# Gun Rust



## Buckeye Ron (Feb 3, 2005)

I took out my 20 guage yesterday to get the dog back in the yard and when i went to clean it, i noticed some rust under the underneath of the barrel next to the forearm. Was wondering if anyone had a suggestion on what i could use to take it off and still protect the barrel??

Thanks,
Ron


----------



## Sharp Charge (Jun 24, 2009)

Try some gun scrubber and a towel, if it's just surface rust it should come off. If it's a little heavier rust you're going to need a green scrub pad. If your careful it should just come off then give it a coat of oil or I use a silicone impregnated cloth to wipe down my guns. If it's real heavy, you might need steel wool and have to re-blue the rusted part.


----------



## Buckeye Ron (Feb 3, 2005)

Sharp Charge said:


> Try some gun scrubber and a towel, if it's just surface rust it should come off. If it's a little heavier rust you're going to need a green scrub pad. If your careful it should just come off then give it a coat of oil or I use a silicone impregnated cloth to wipe down my guns. If it's real heavy, you might need steel wool and have to re-blue the rusted part.
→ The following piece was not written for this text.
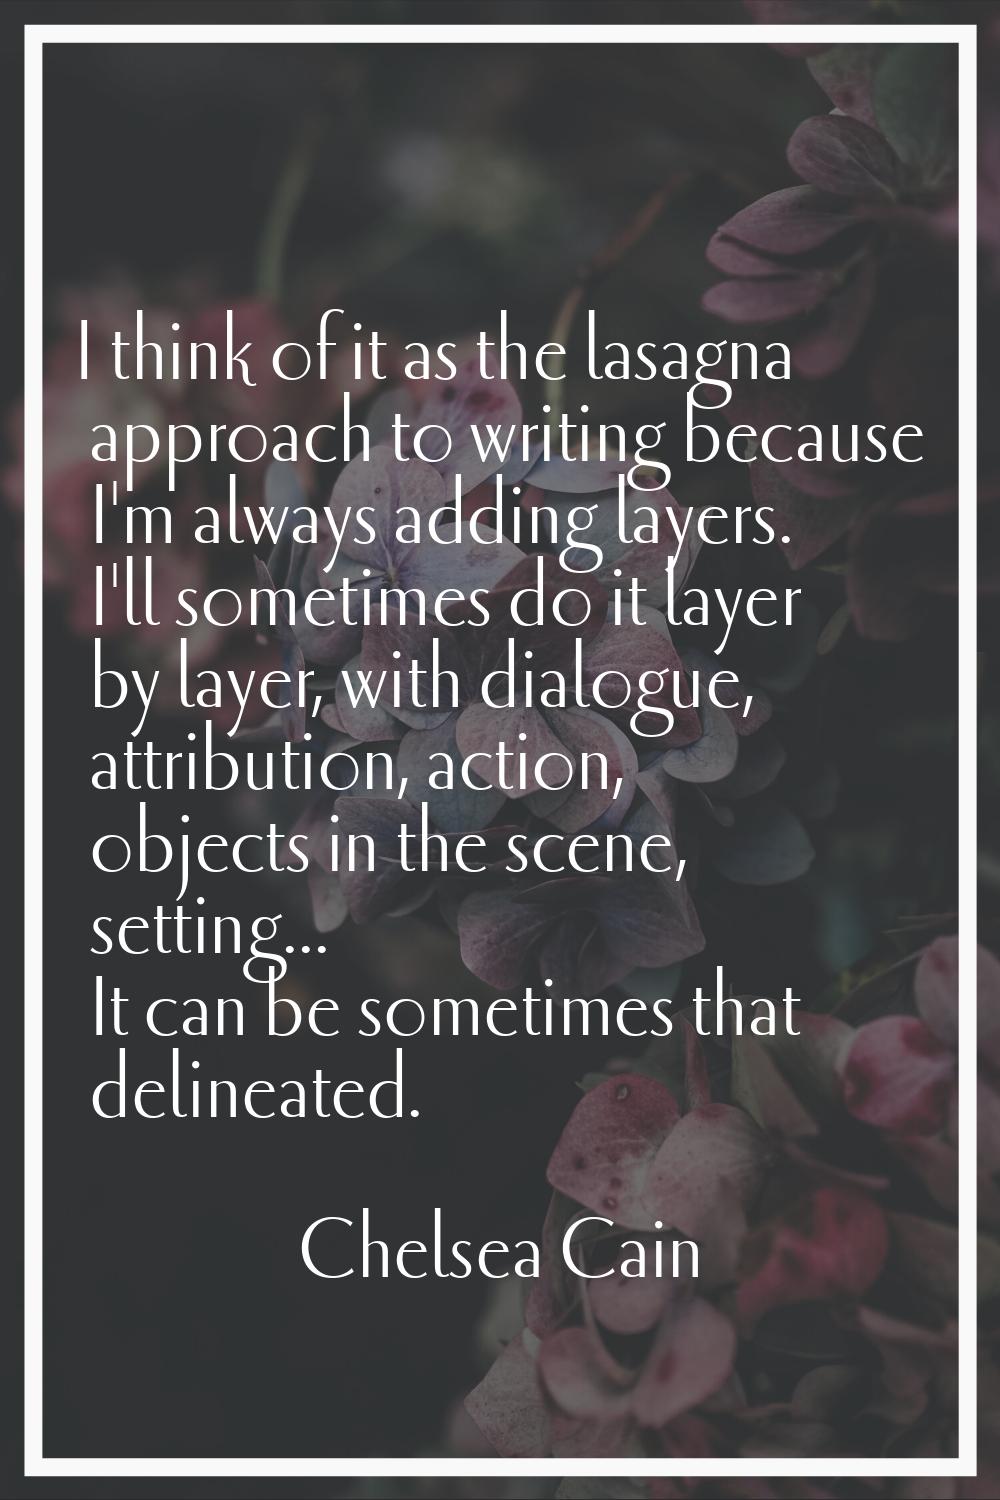 I think of it as the lasagna approach to writing because I'm always adding layers. I'll sometimes d

thanks for the info. Someone mention navy jelly to me, but i haven't had any experience with it so i didn't know if that might work or not.


----------



## PITCHNIT (Nov 2, 2004)

I'd avoid the naval jelly, too corrosive. For surface rust some #0000 steel wool and gun oil with light polishing should do a good job.


----------



## Buckeye Ron (Feb 3, 2005)

thanks for that info


----------



## Sharp Charge (Jun 24, 2009)

Yeah, Naval Jelly is more for oxidation on aluminum.


----------



## jeffmo (Apr 7, 2004)

0000 steel wool and gun oil use lightly


----------



## Buckeye Ron (Feb 3, 2005)

jeffmo said:


> 0000 steel wool and gun oil use lightly


got the steel wool and had the oil, now going to do it, thanks


----------



## olwhitee (Apr 10, 2004)

I have used pb blaster and a green scrub pad to remove rust before. It works decent as well.


----------



## ezbite (May 25, 2006)

Buckeye Ron said:


> I took out my 20 guage yesterday to get the dog back in the yard


ok, i'll bite, what are you talking about "get the dog back in the yard?"


----------



## Sharp Charge (Jun 24, 2009)

ezbite said:


> ok, i'll bite, what are you talking about "get the dog back in the yard?"


Haha, I was thinking the same thing but decided to let that one rest....


----------



## Nikster (Mar 14, 2007)

Eraser as on a pencil but for ink. Very, very forgiving & easy.

Nik


----------



## Buckeye Ron (Feb 3, 2005)

ezbite said:


> ok, i'll bite, what are you talking about "get the dog back in the yard?"


Well Tom, i have a half brit/half german short hair pointer. I have never field trained him and he got out the other day and wouldn't come back. So i got my gun out with 3 shells and proceeded out the back door to the deck. 
He was hunting the weed field behind the house and having a great time but would not come when called. So i put one out in front of him to get his attention. All he did was raise his head, second shot still in front of him but closer, really got his attention but still would come out of the field. So on the third shot, I made it so close that he came to where i pointed down to the ground in front of me and to put him on the track and he came and i grab his collar and got him back into the house. 
So that is the story of the gun and the loose dog.
Ron


----------